DETAILED DESCRIPTION

[0019] The building automation control and design programming accounts for flexibility in room arrangements. Room and room-segment functionality split for control functions but are grouped for flexibility in room arrangements.

[0020] There is an increasing demand for a flexible subdivision of floors and zones of a building to arrange the spaces to the constantly changing needs in a building's life cycle. To ensure maximum flexibility, the floors are partitioned into room segments (e.g., grids) that may be combined to form rooms and rearranged over time by simply adding and removing walls. In one example use case, a new floor design is created for a tenant build out. Room arrangements are initially set up for a tenant and rarely change over time. A building automation engineer sets up the room configuration for building automation using an offline engineering tool. In another example use case, the floor plan is rebuilt. Room arrangements may be occasionally (e.g. every 1 -2 years) changed. A technician, facility manager, or care taker may adapt the control program to the respective room configuration using an onsite configuration tool of the building automation system, such as a Web application, or using a management station . In yet another example use case, the floor plan includes one or more movable walls. Room arrangements of conference centers or meeting rooms may be regularly (e.g. every day) changed. A control program triggered by moving a sliding wall automatically adapts to the respective room configuration.

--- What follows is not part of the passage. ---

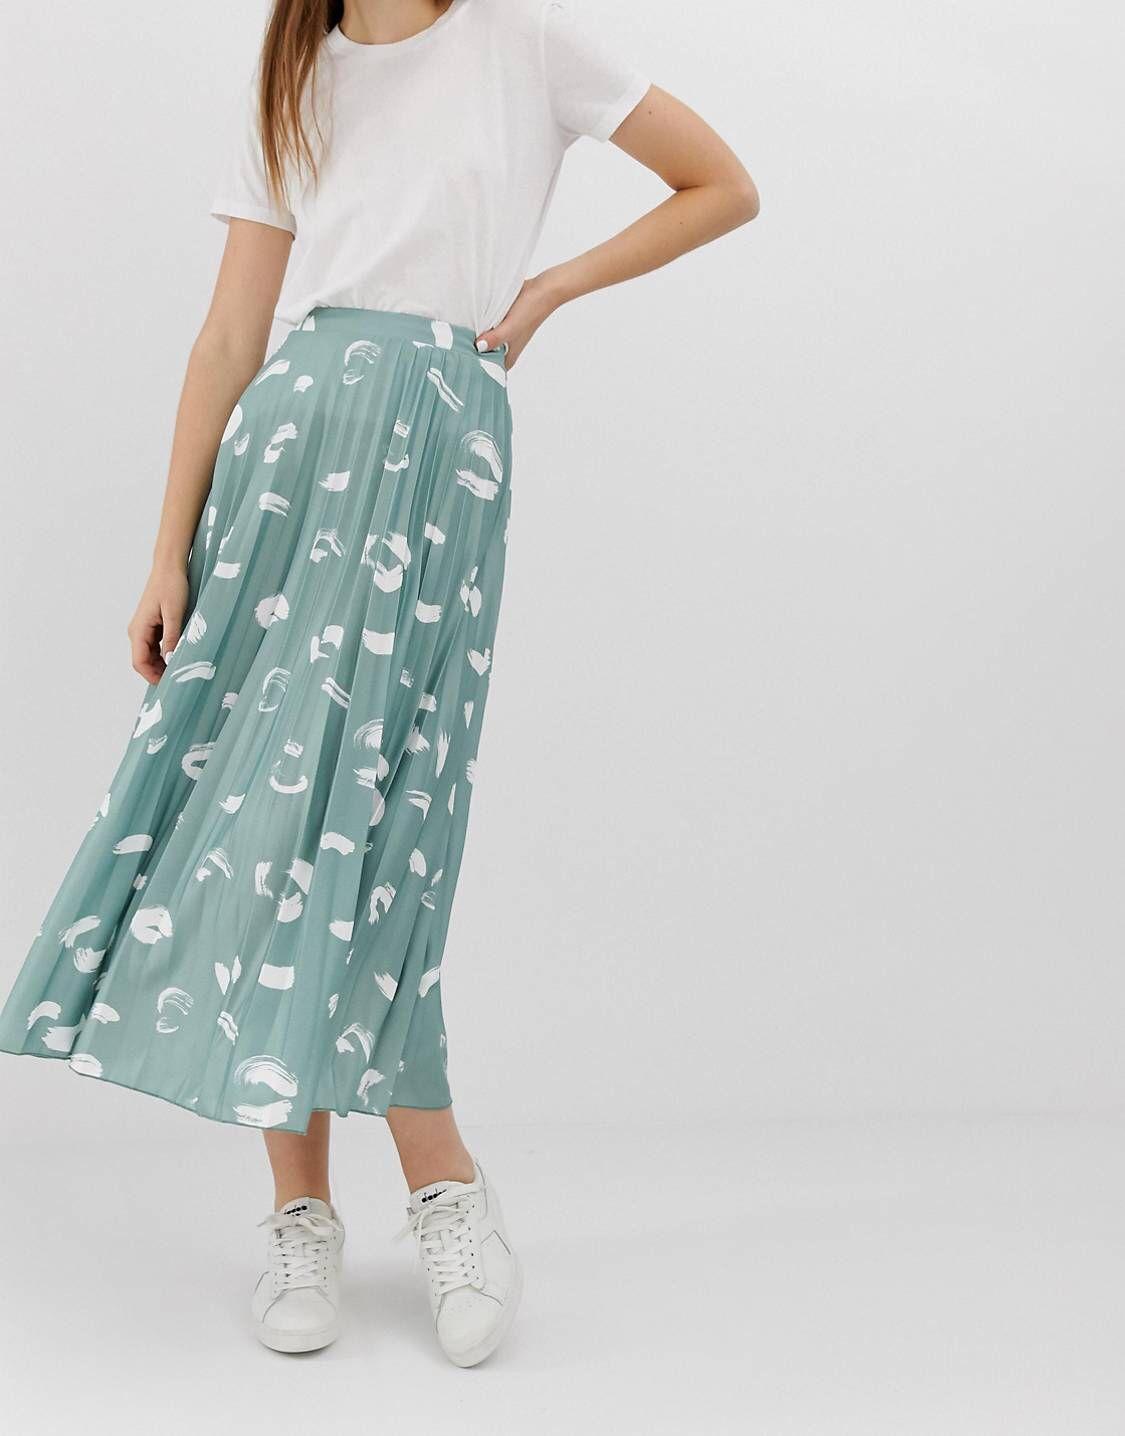 39b48f805c DESIGN pleated midi skirt in brush stroke print in 2019 | Wear it ...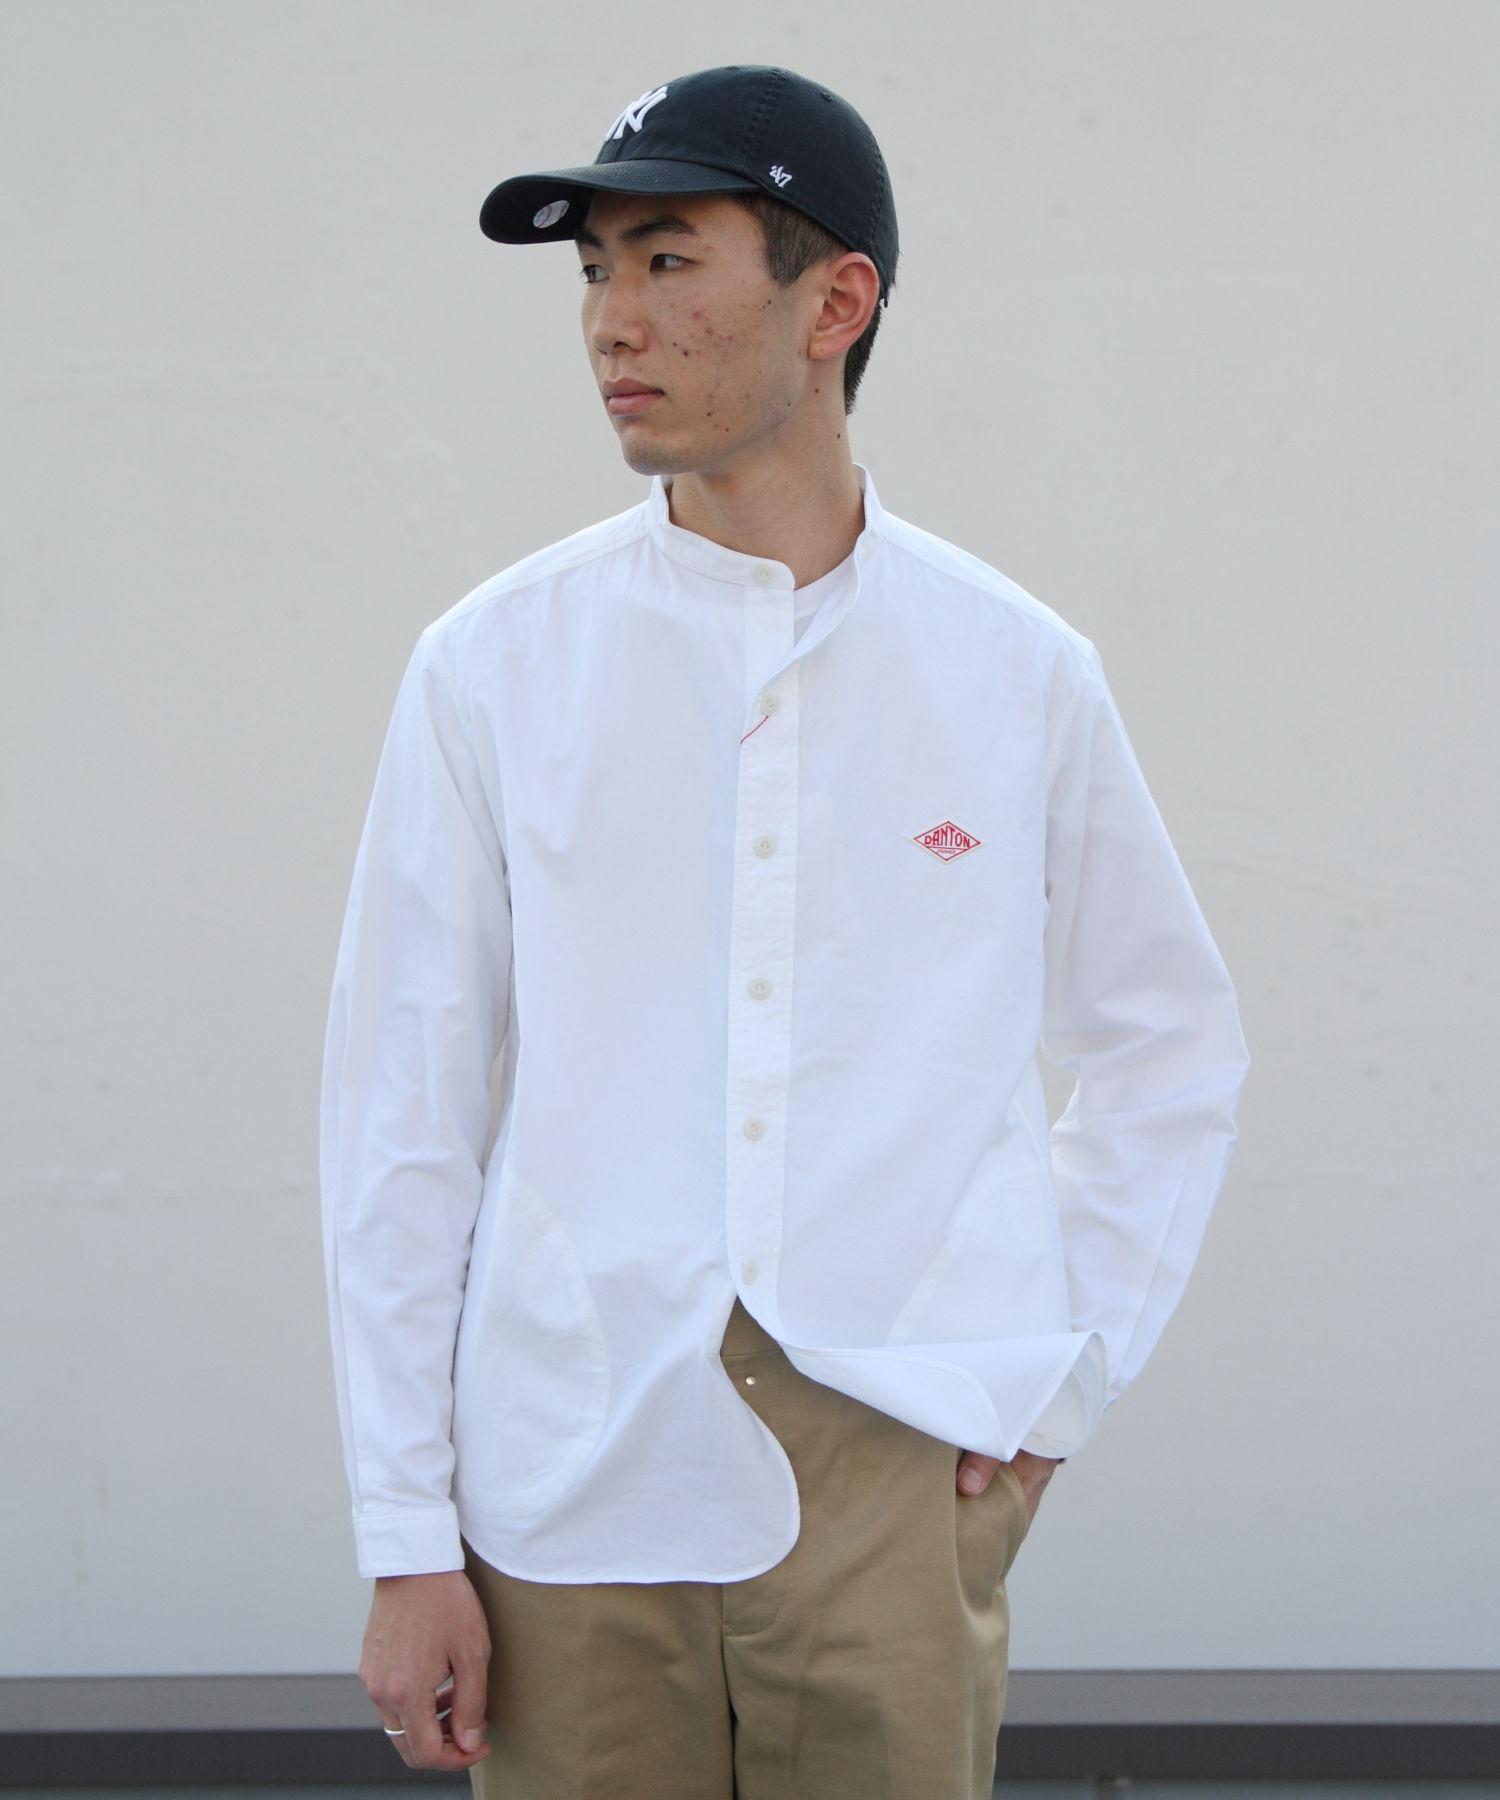 DANTON/ダントン オックススタンドシャツ OX STAND SHIRTS(メンズ)#JD3607YOX

[0021] The building automation system may be designed to alter control to account for the change in room configuration. Configuration flexibility is supported in a way that may minimize the engineering effort when rooms are to be rearranged or used differently. This flexibility may also benefit initial design of the control program of the building automation. Using separated segment and room control functions, room configuration may be accounted for with simple assignment or reassignment of the segment control function to a room function. For example, the separated functions allow a simple reassignment of environmental control equipment from room to room by changing only a room identification for a segment. The information for operating transfers based on the changed room identification. The simple change of the room identification allows for online change with a management station without downloading. This flexible structure allows for flexible distribution of application functions over different automation stations and enables flexible room assignment in general.

[0022] Figures 1 and 2 show example systems for arranging rooms in building automation. The systems are building automation systems overlaid on a floor plan. The building automation system is depicted as a distributed building system that provides control functions for any one of a plurality of building operations. Building automation systems may include HVAC systems, security systems, life or fire safety systems, access control systems, industrial control systems, lighting systems, window blinds and/or awning control systems, and/or the like. An example of a building automation system is the APOGEE® system commercially available from Siemens Industry, Inc. of Buffalo Grove, Illinois and the DESIGO® system commercially available from Siemens Schweiz AG of Zug, Switzerland. The APOGEE® system and the DESIGO® system each allow the setting and/or changing of various controls. Other now known or later developed building automation systems may be used.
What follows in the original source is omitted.